=== Data block ===
_____
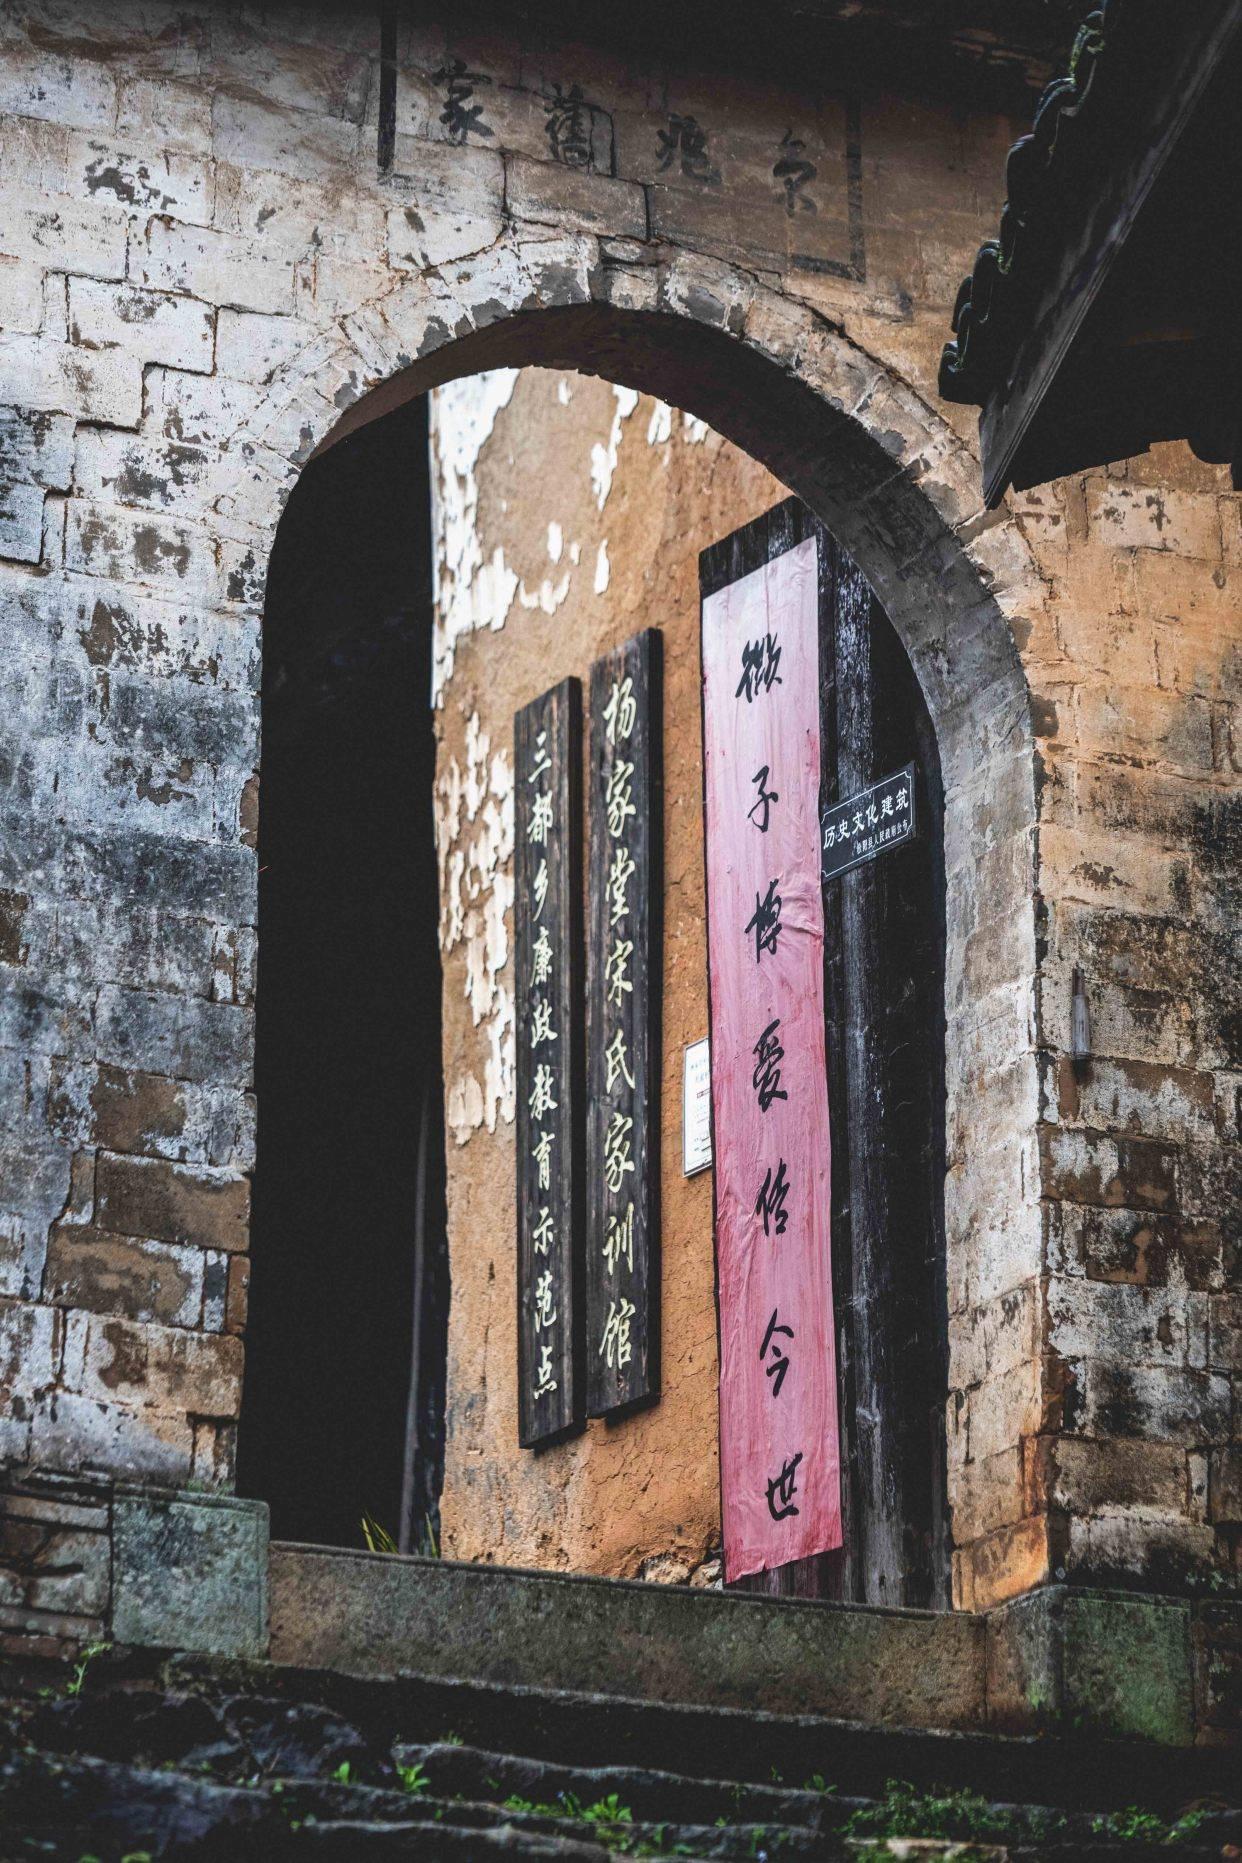 最后的江南秘境:松阳杨家堂,惟此桃花源,四塞无他虞
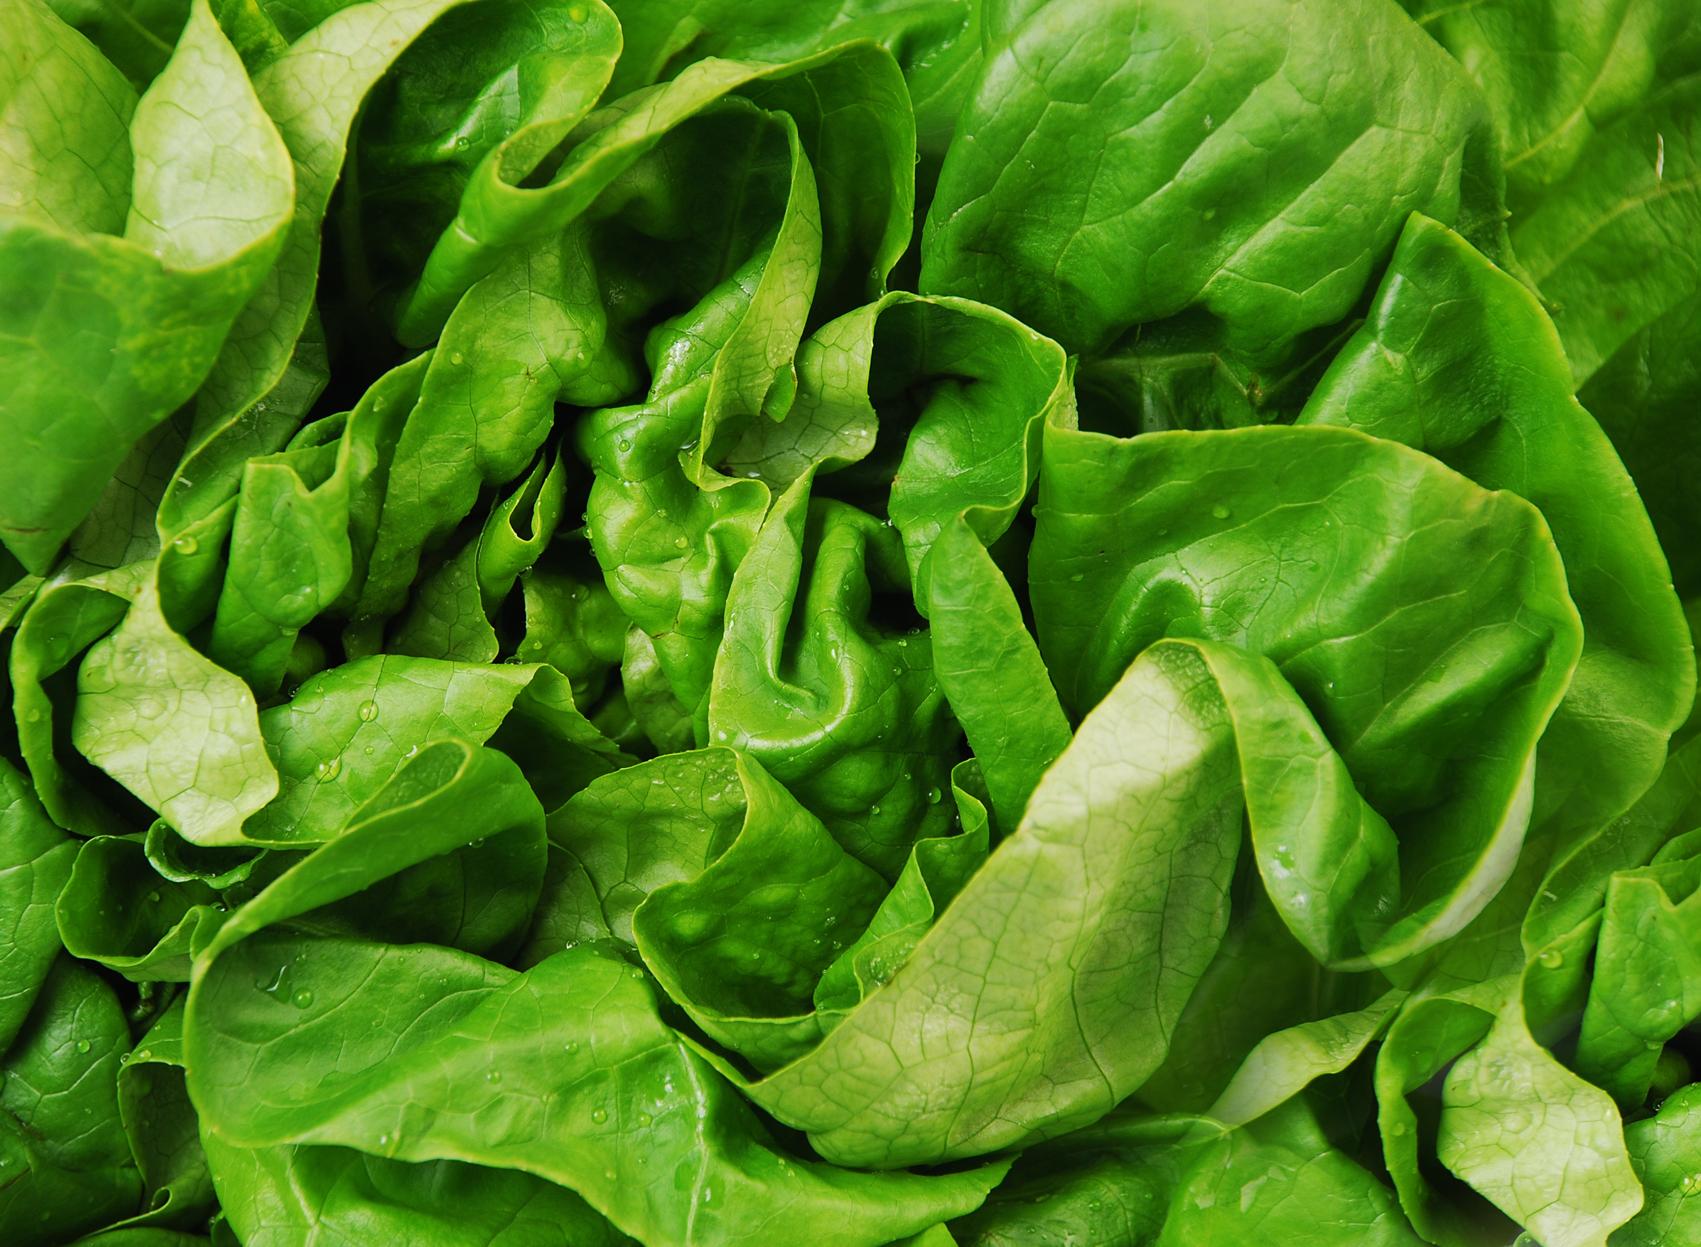 Fräsch salladsmeny och vi har öppet 11.00-20.00 alla dagar
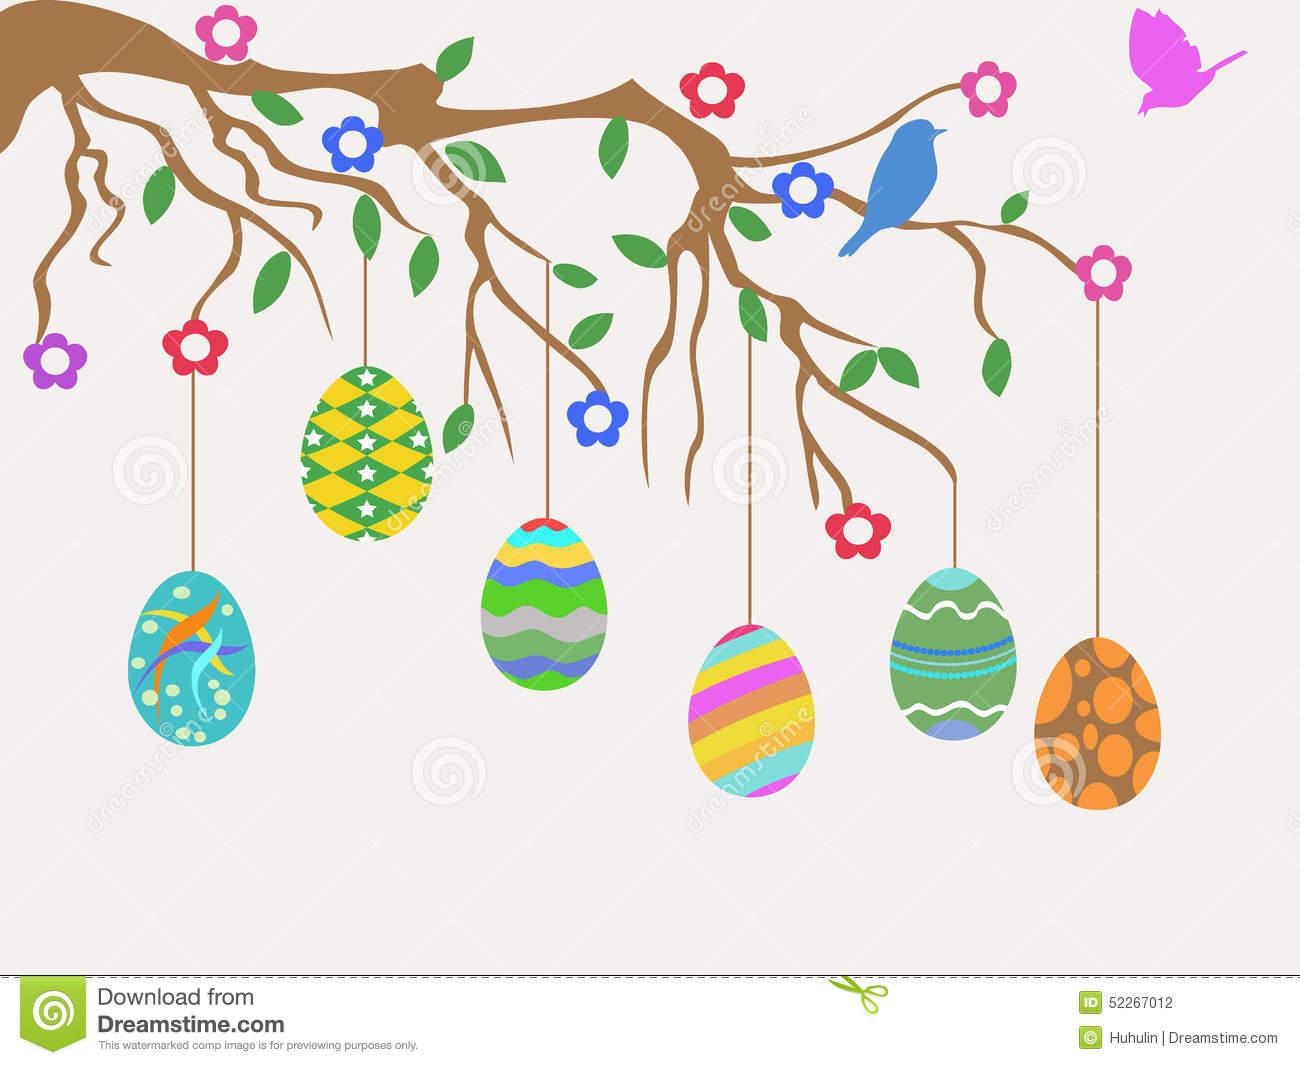 Easter egg tree clipart banner black and white library Easter egg tree clipart - ClipartFest banner black and white library
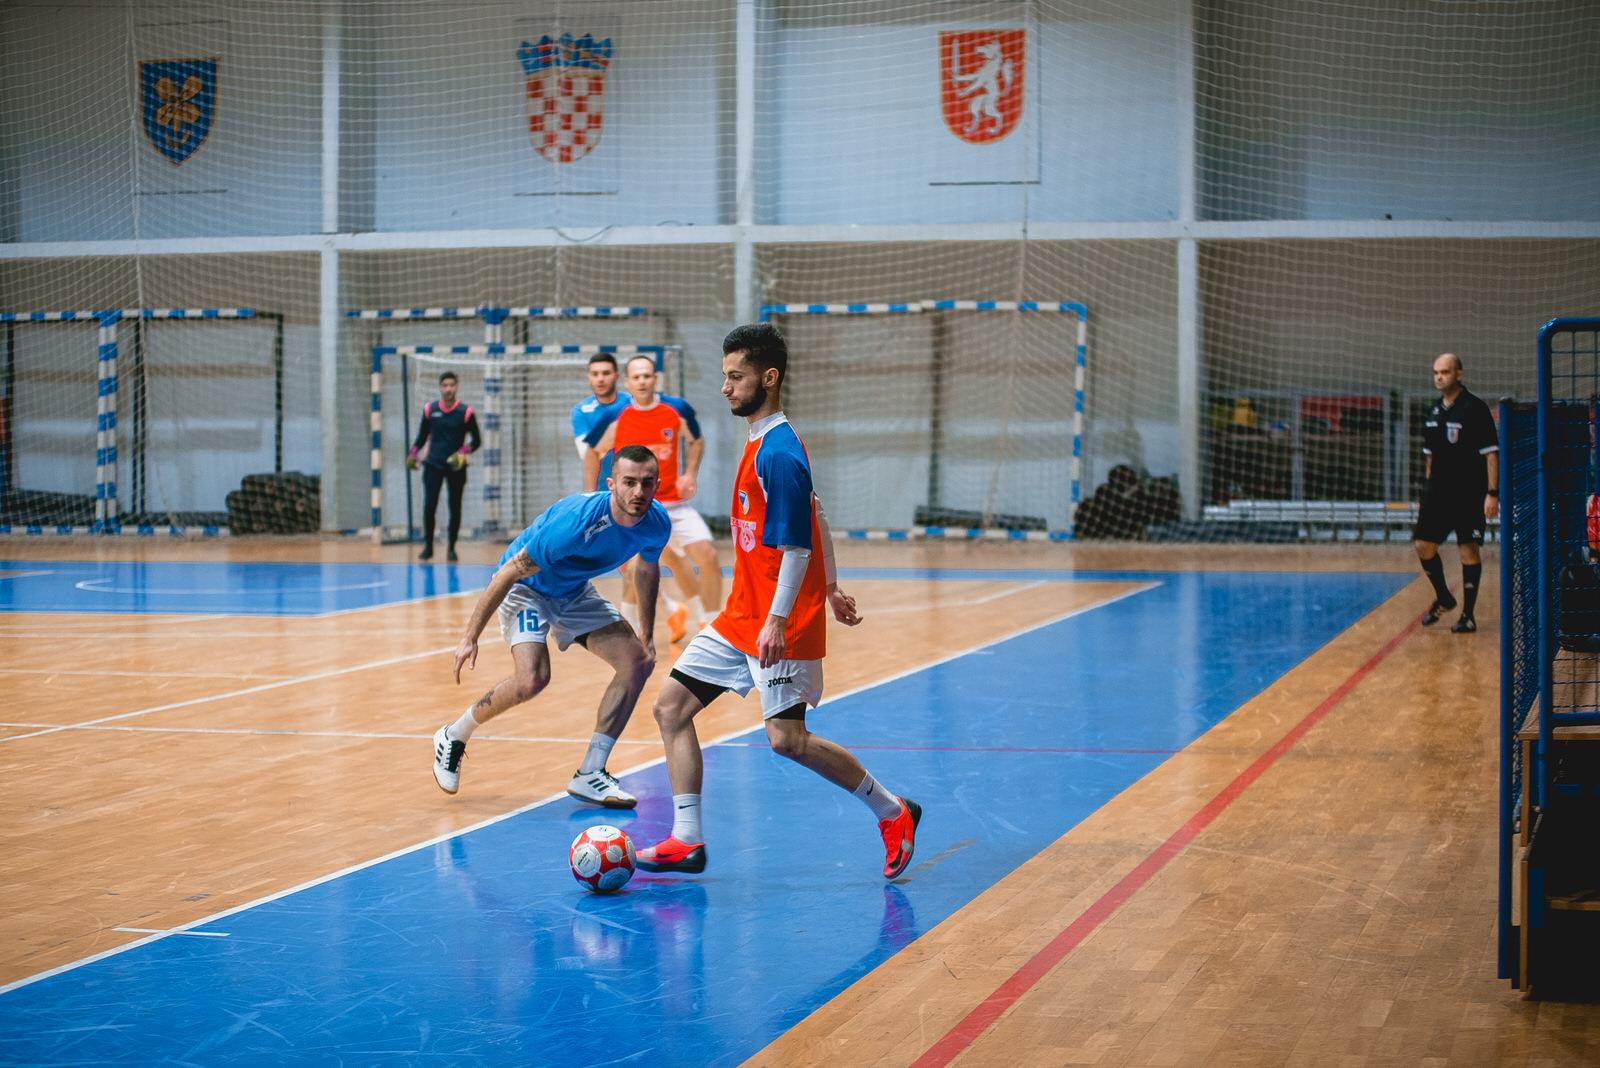 likaclub_gospić_zimski-malonogometni-turnir-2018-19-48
_____
=== What needs to be done ===
Your answer should be every line above, written out exactly, with no pictures.

=== Output ===
 最后的江南秘境:松阳杨家堂,惟此桃花源,四塞无他虞
 Fräsch salladsmeny och vi har öppet 11.00-20.00 alla dagar
 Easter egg tree clipart banner black and white library Easter egg tree clipart - ClipartFest banner black and white library
 likaclub_gospić_zimski-malonogometni-turnir-2018-19-48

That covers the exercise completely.